How to Discover a Site's Structure Before Scraping with MCP
Use discover_links to map a website before committing to a full crawl, saving time and requests.
Crawling a large site blind can waste time and requests. With discover_links, you can map the structure first: see which sections exist, how deep they go, and which URLs matter - before deciding what to crawl in depth.
This guide shows how to use discover_links as a reconnaissance step.
Step 1: Install crawler-mcp
Run the install script:
curl -fsSL https://install.crawler.sh/install-mcp.sh | shThis downloads the correct binary for your platform to ~/.crawler/bin/crawler-mcp.
For more detail, see the installation guide.

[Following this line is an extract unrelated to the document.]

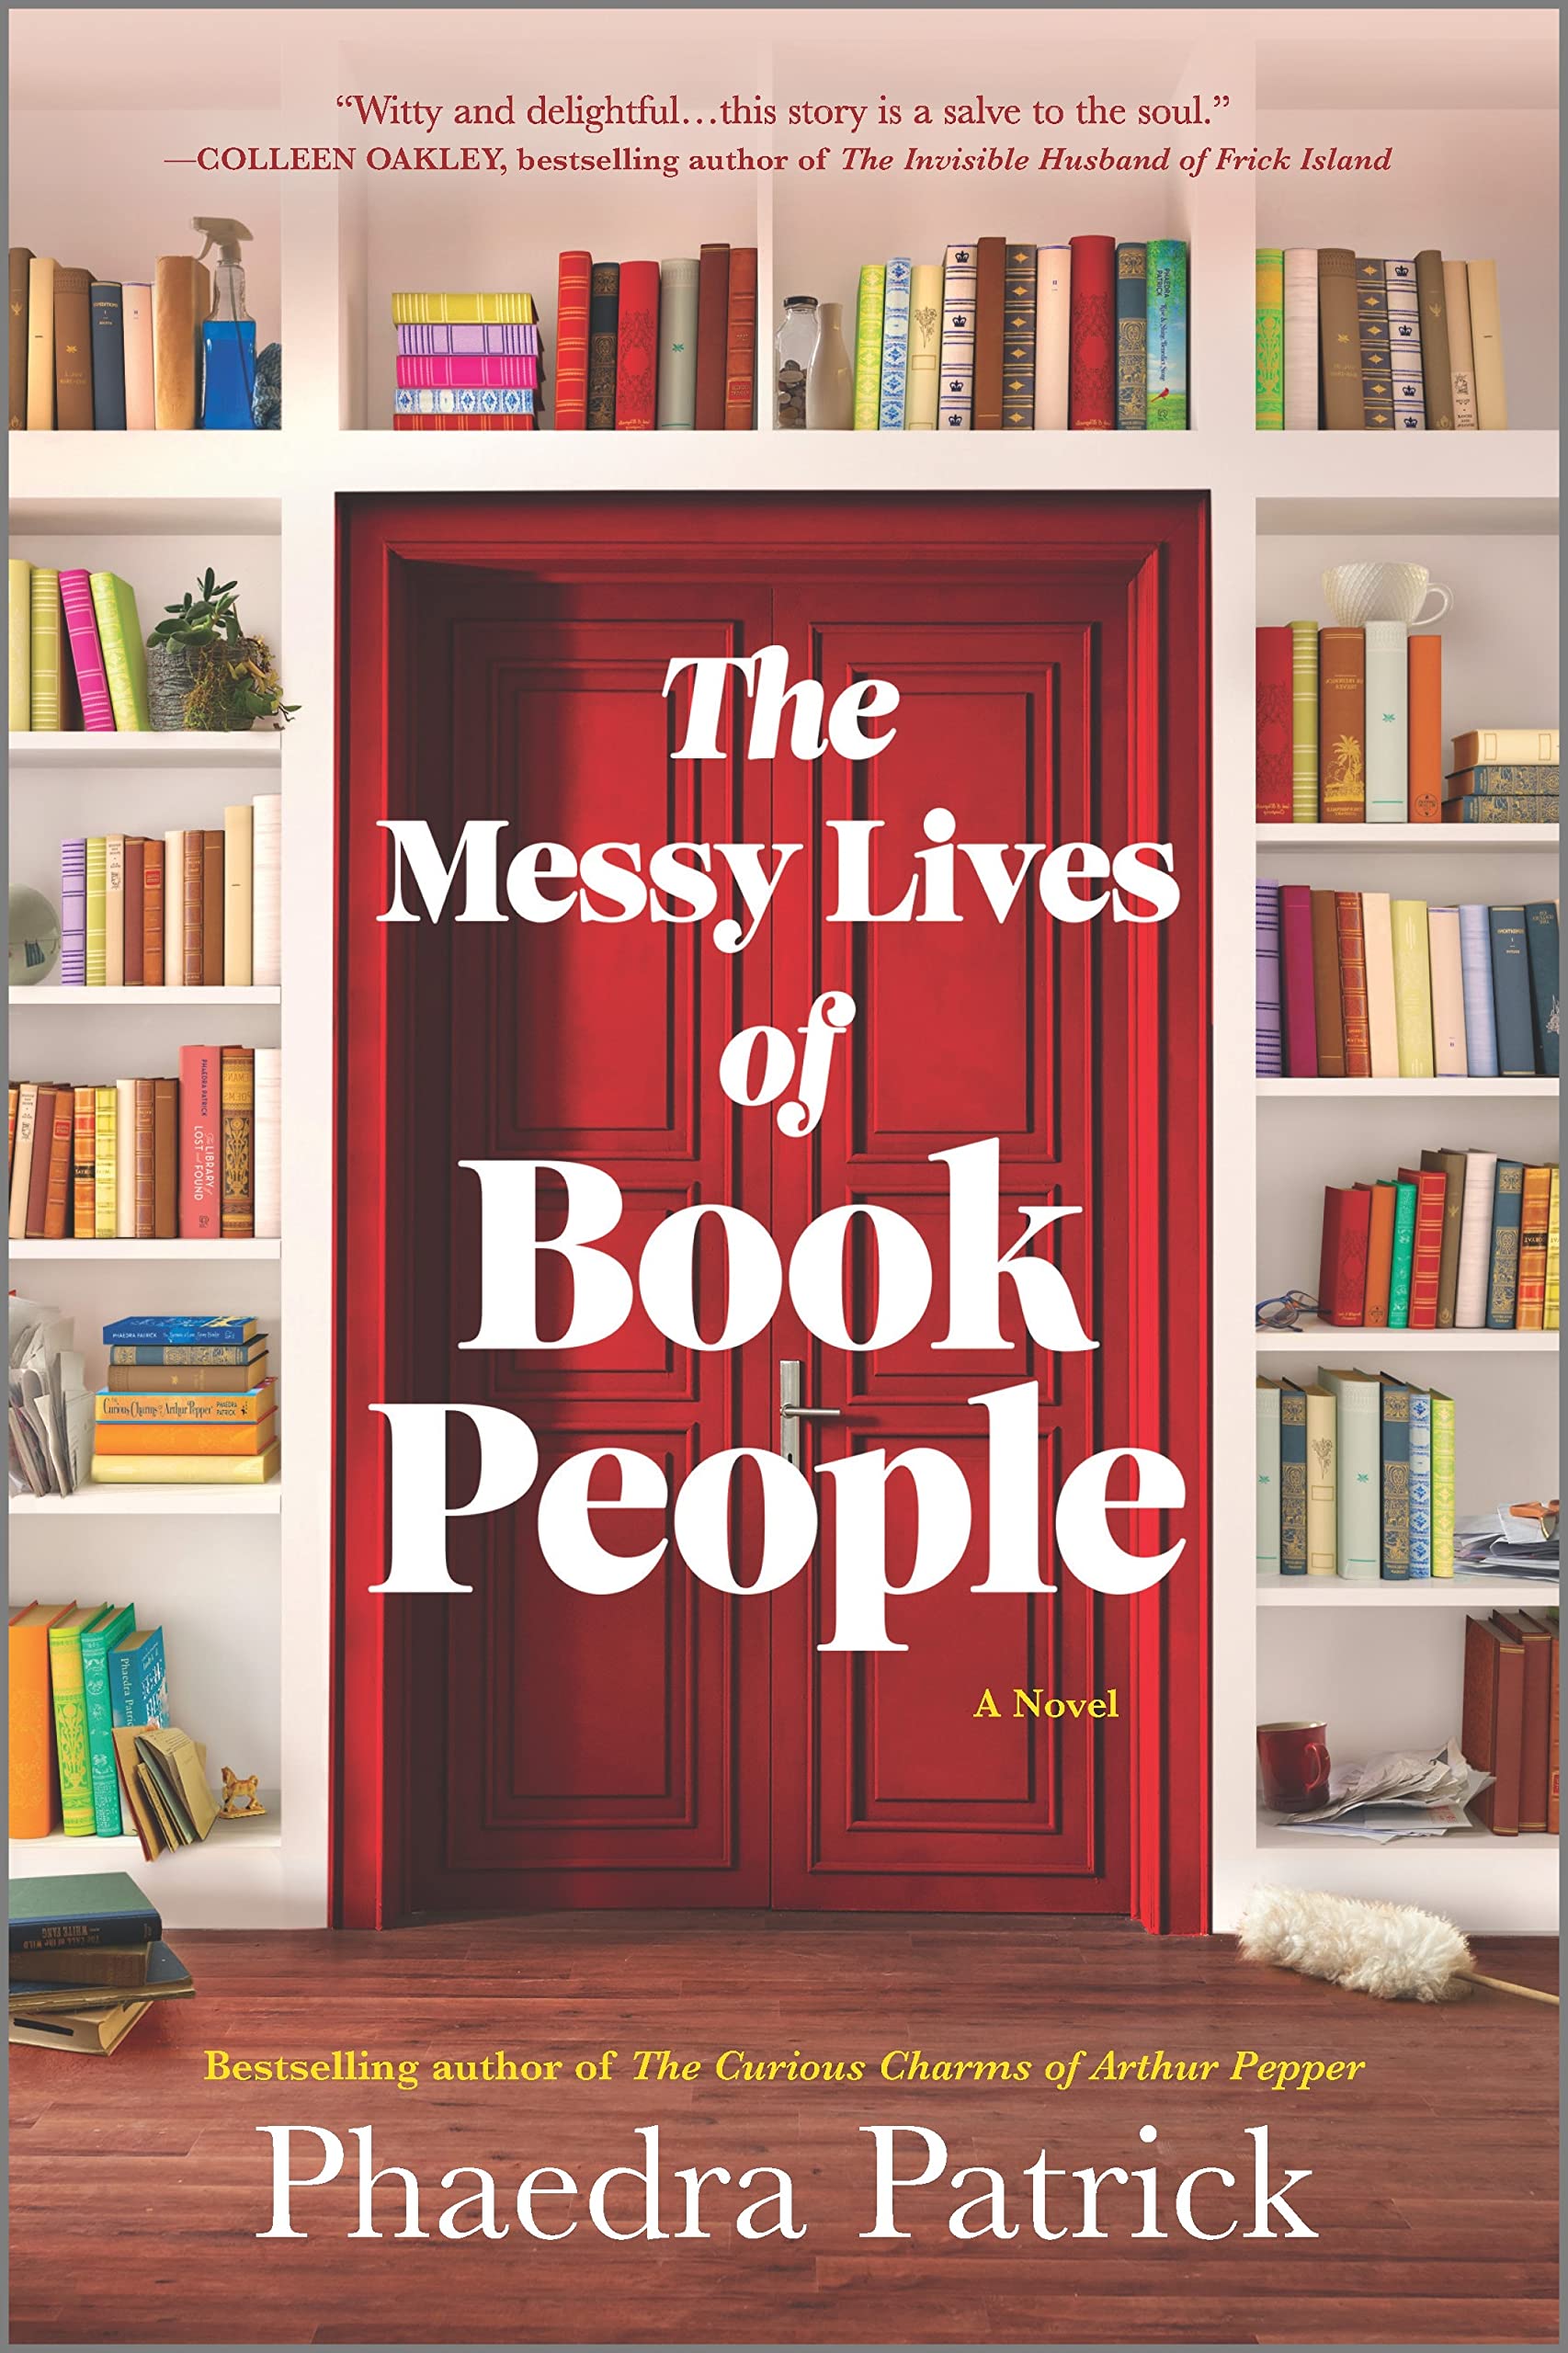 The Messy Lives of Book People | Seattle Book Review

Step 2: Wire it into your client
Step 3: Discover the top-level structure
Ask the agent to map the site:
Use crawler-sh to discover_links on https://example.com to depth 1.

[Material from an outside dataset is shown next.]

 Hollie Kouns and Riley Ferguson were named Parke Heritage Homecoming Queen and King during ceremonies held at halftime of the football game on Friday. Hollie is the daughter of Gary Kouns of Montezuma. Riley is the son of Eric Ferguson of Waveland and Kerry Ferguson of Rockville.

This returns every URL linked directly from the homepage, with titles and status codes. You get a quick overview of the site’s main sections.
Step 4: Go deeper where it matters
After seeing the top level, target specific sections:
Use crawler-sh to discover_links on https://example.com/products to depth 2.

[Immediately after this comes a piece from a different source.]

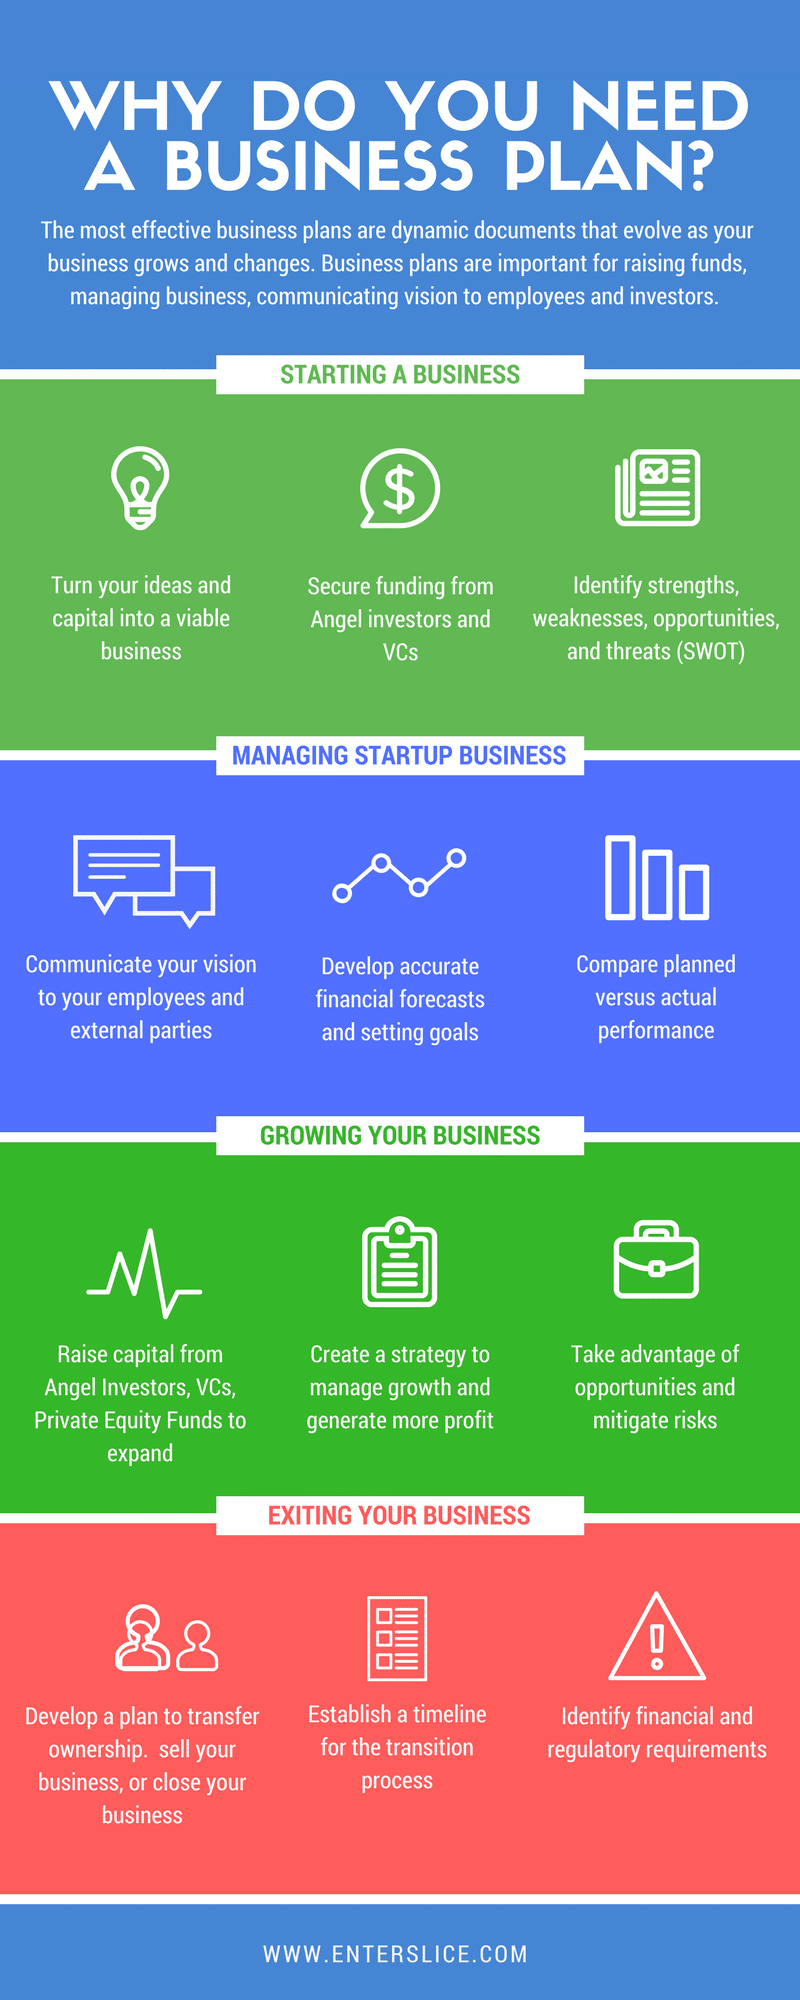 need help creating a business plan

This maps the product section without crawling the rest of the site. Repeat for each section you care about.
Step 5: Plan the full crawl
With the structure mapped, ask the agent to plan a targeted crawl:
Based on the links we discovered, which pages should we crawl in depth? Give me a list of URLs and a rationale.
The agent reasons over the discovered structure and recommends which pages deserve a full crawl_site or fetch_page call.